_GIVEN INFORMATION:_
=== Section Start ===
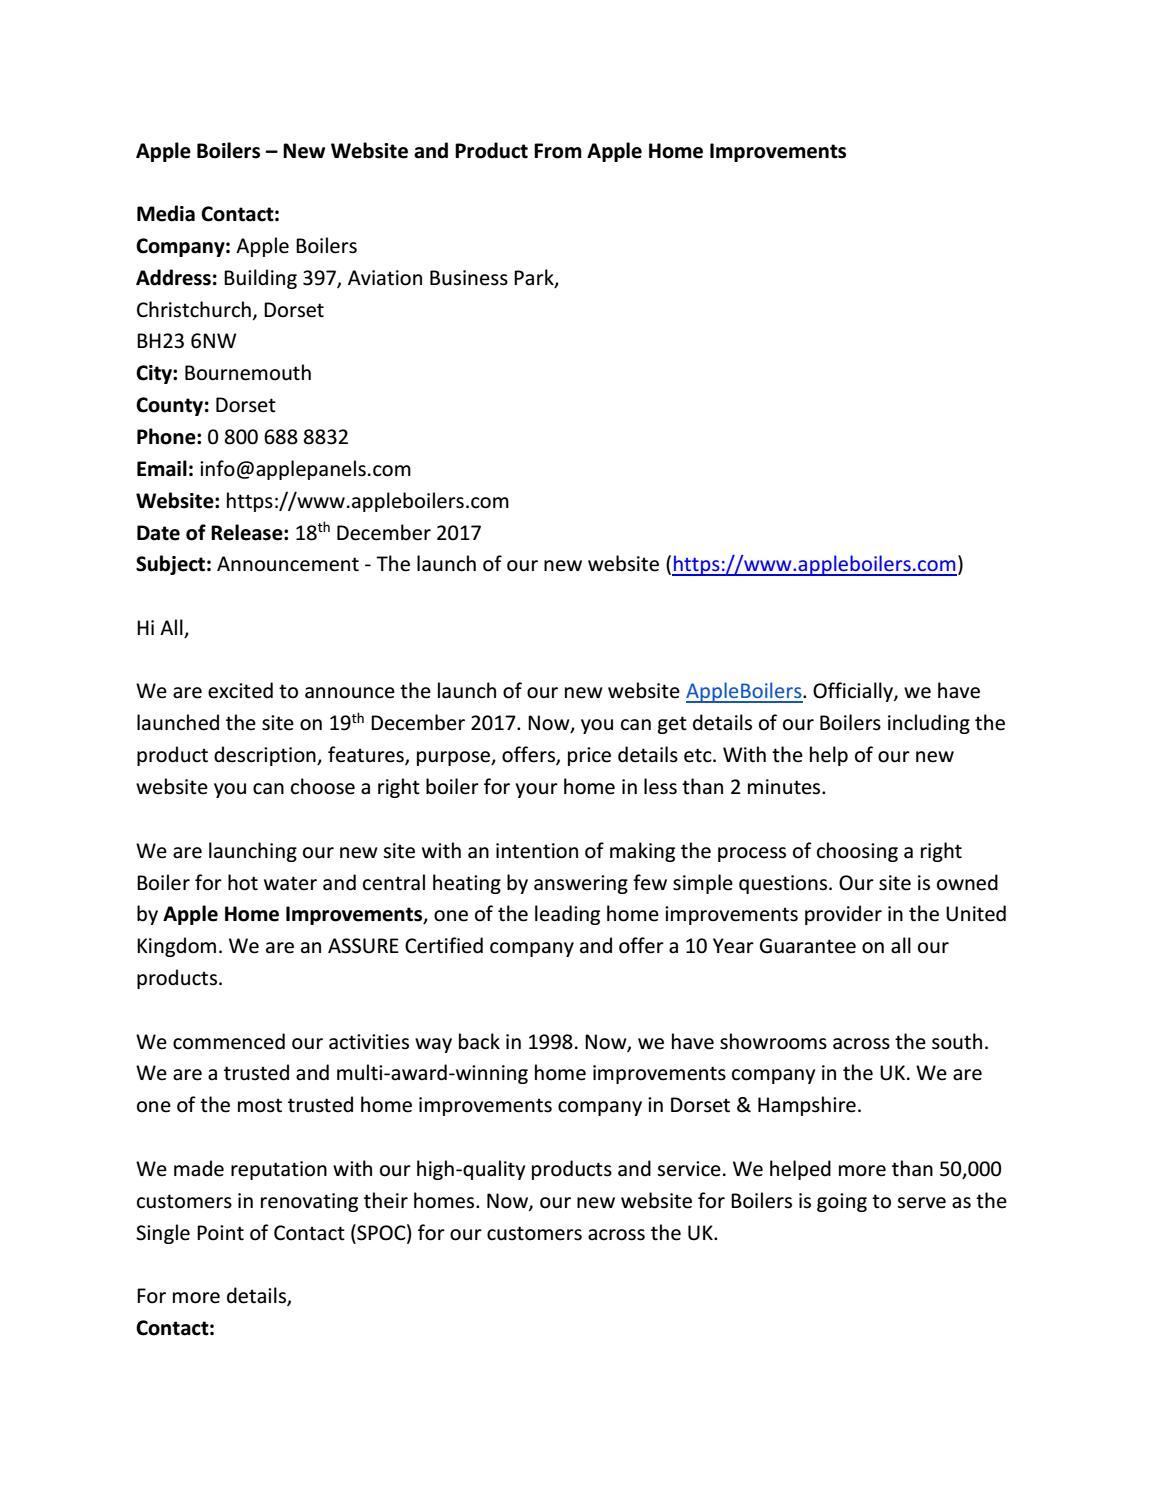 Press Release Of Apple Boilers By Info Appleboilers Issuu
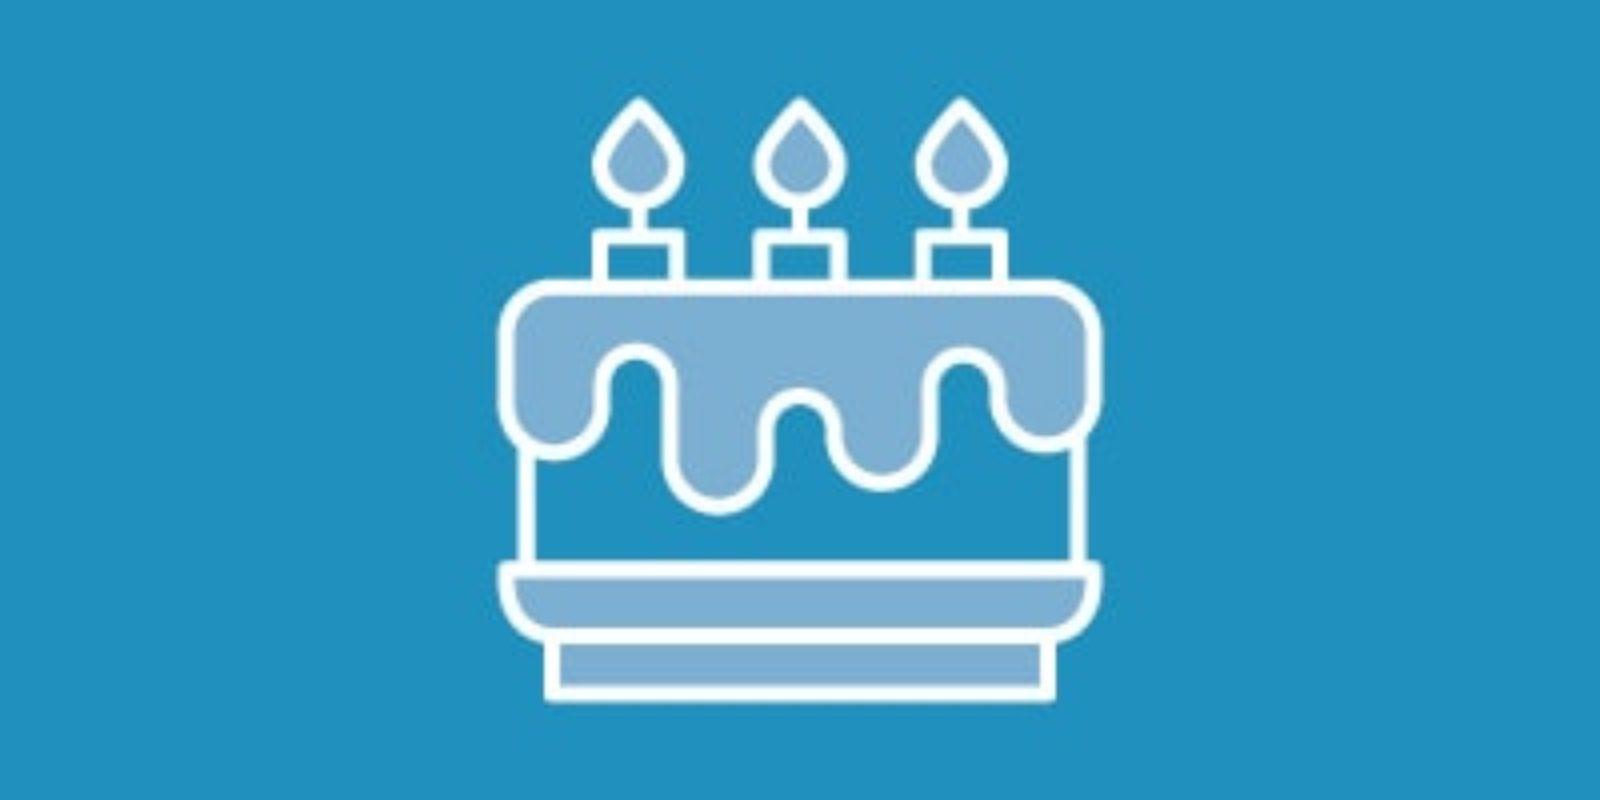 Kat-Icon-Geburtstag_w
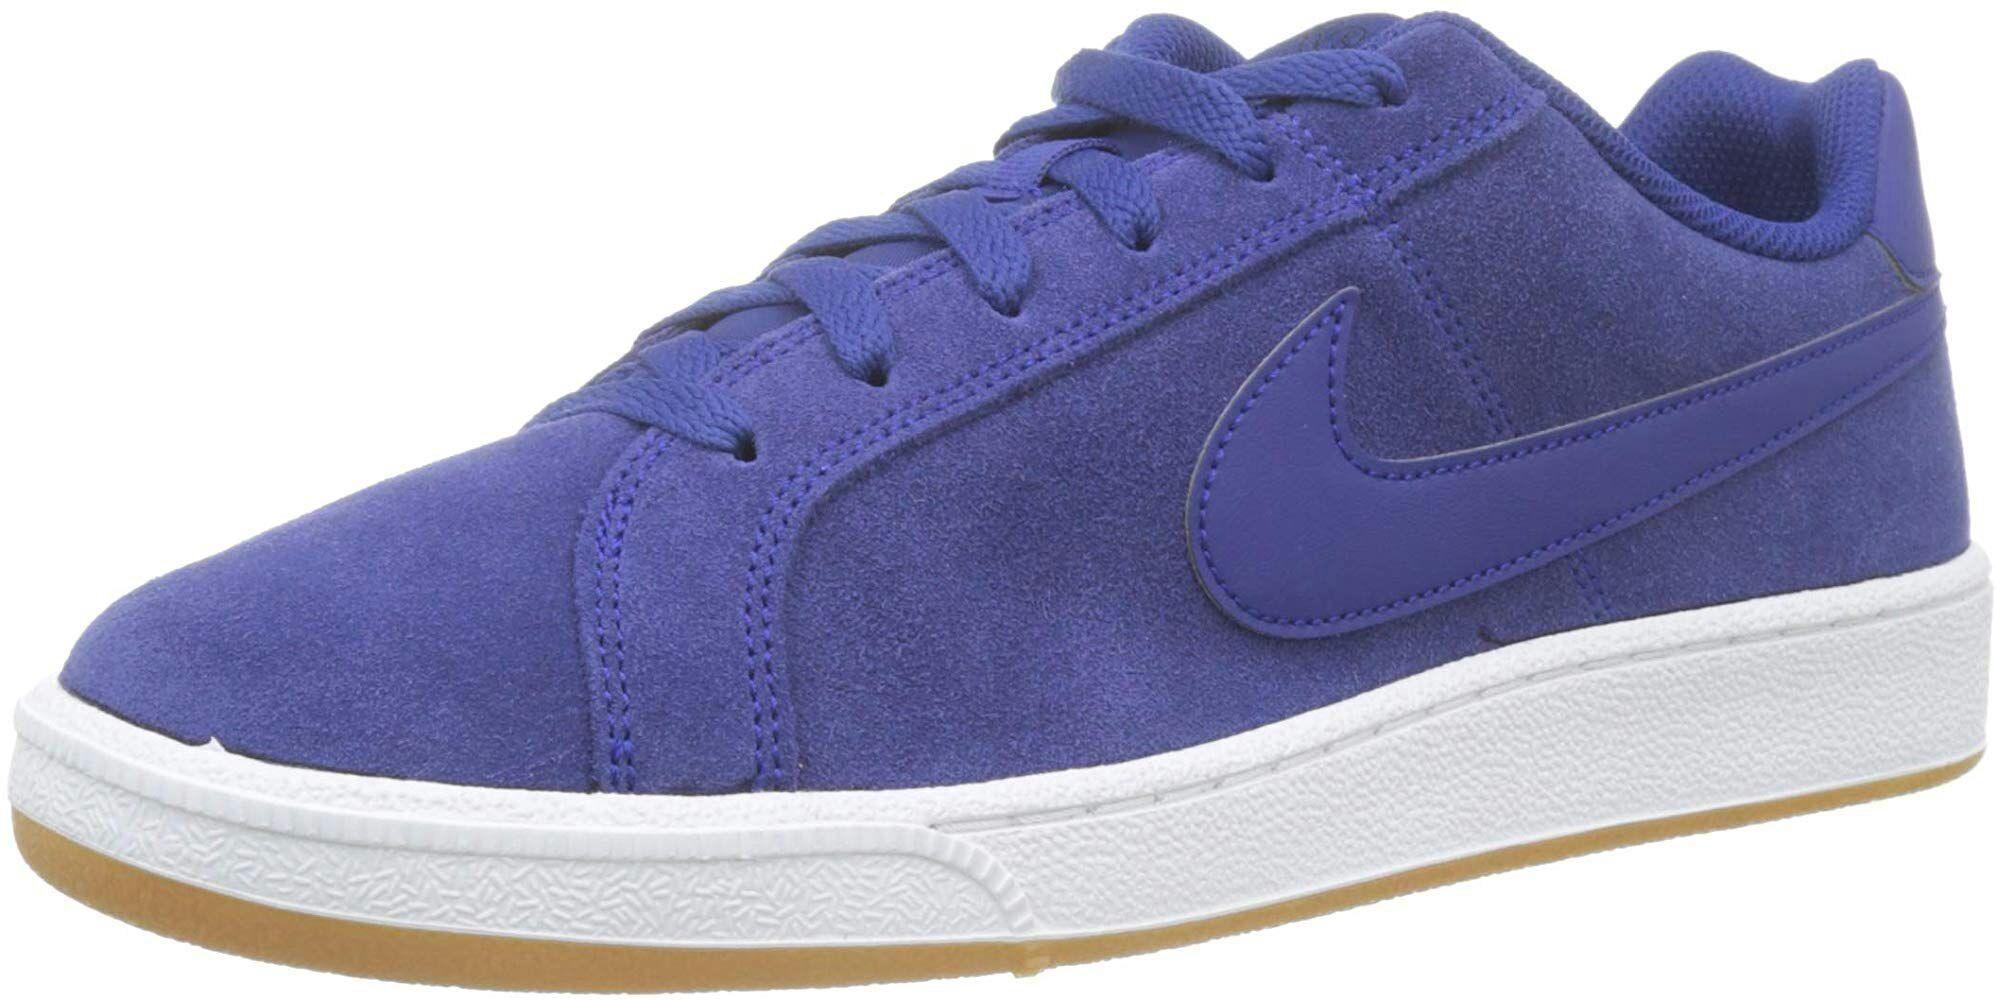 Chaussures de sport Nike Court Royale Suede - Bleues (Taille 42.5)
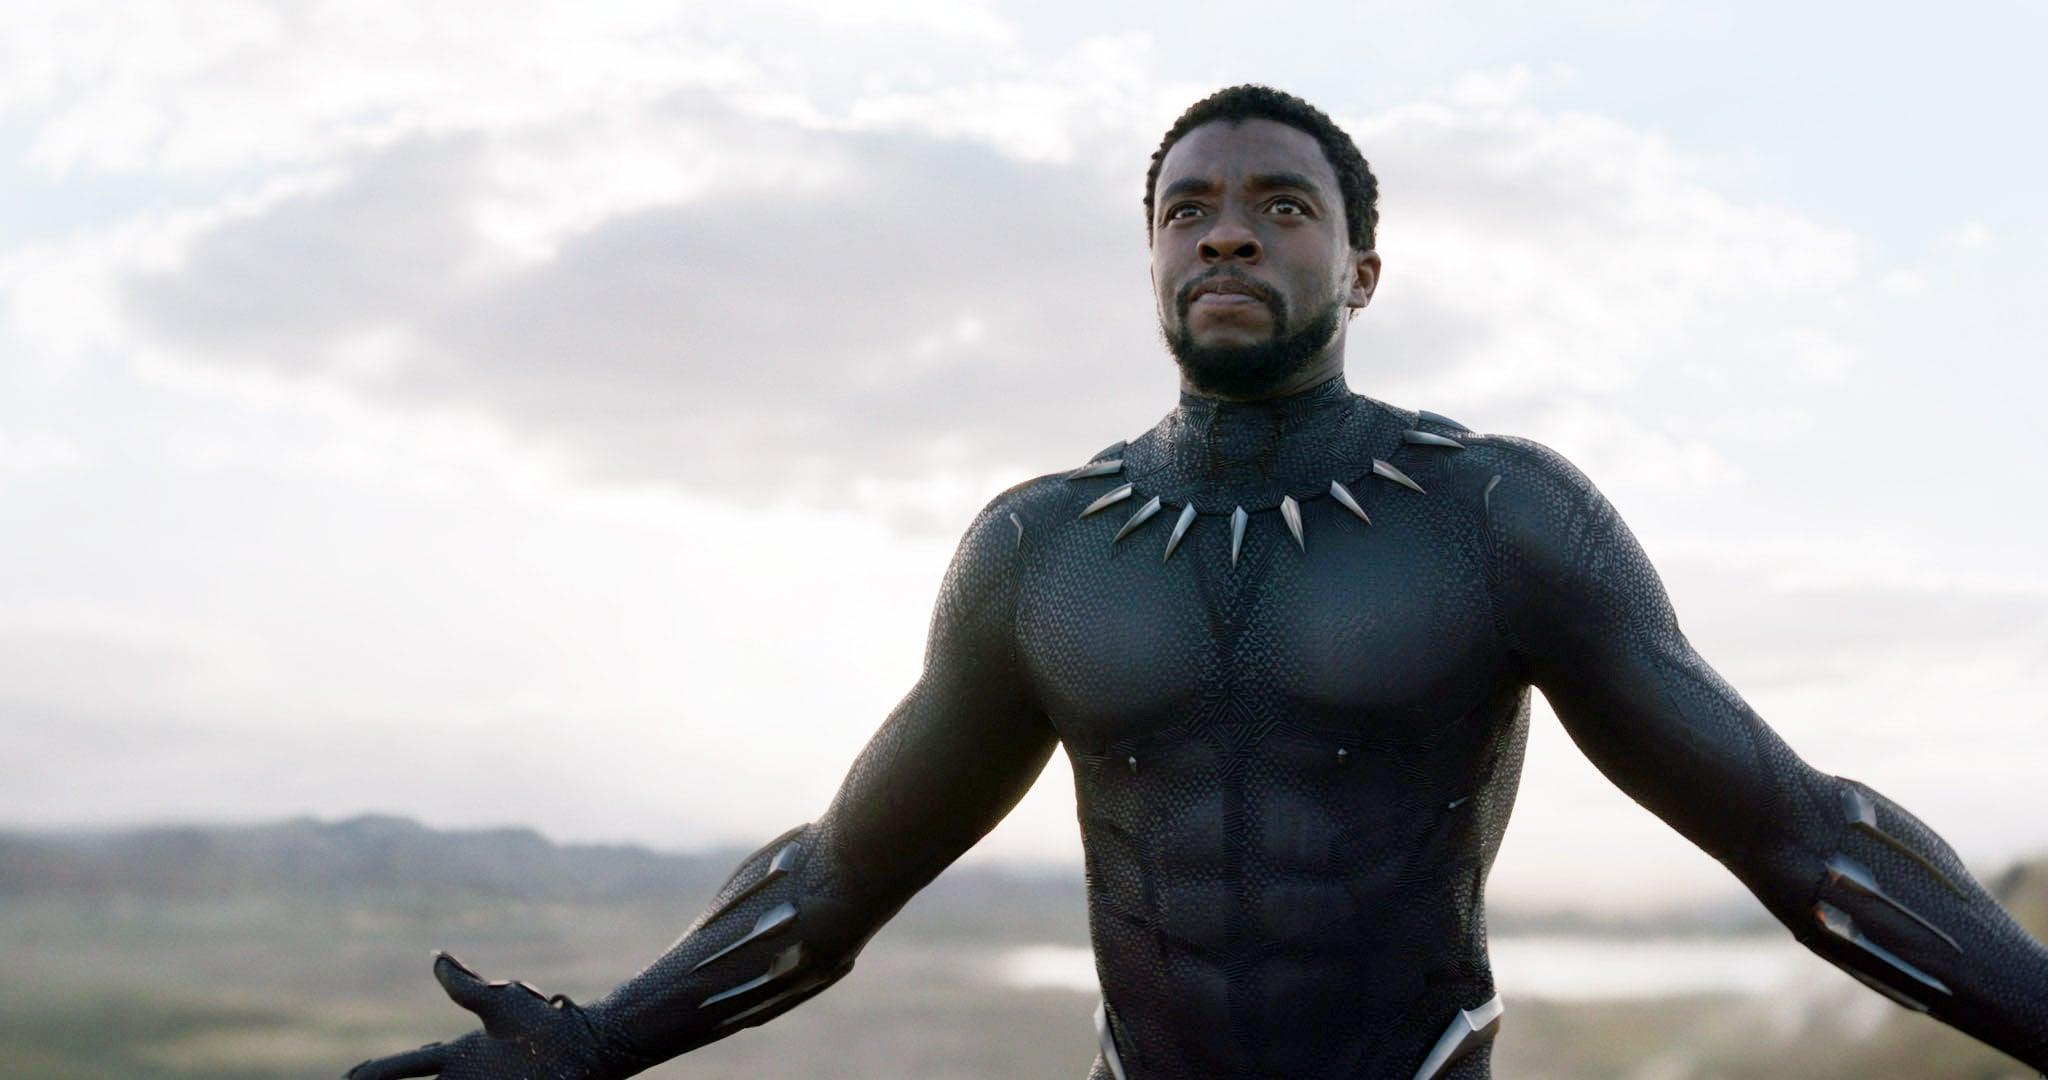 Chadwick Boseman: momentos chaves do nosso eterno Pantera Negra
=== Section End ===
_EXERCISE DIRECTIONS:_
Could you return exactly the lines starting with the one that contains "Chaussures de sport" and ending with the last line of the data above? Leave the pictures out.

_SOLVED EXERCISE:_
 Chaussures de sport Nike Court Royale Suede - Bleues (Taille 42.5)
 Chadwick Boseman: momentos chaves do nosso eterno Pantera Negra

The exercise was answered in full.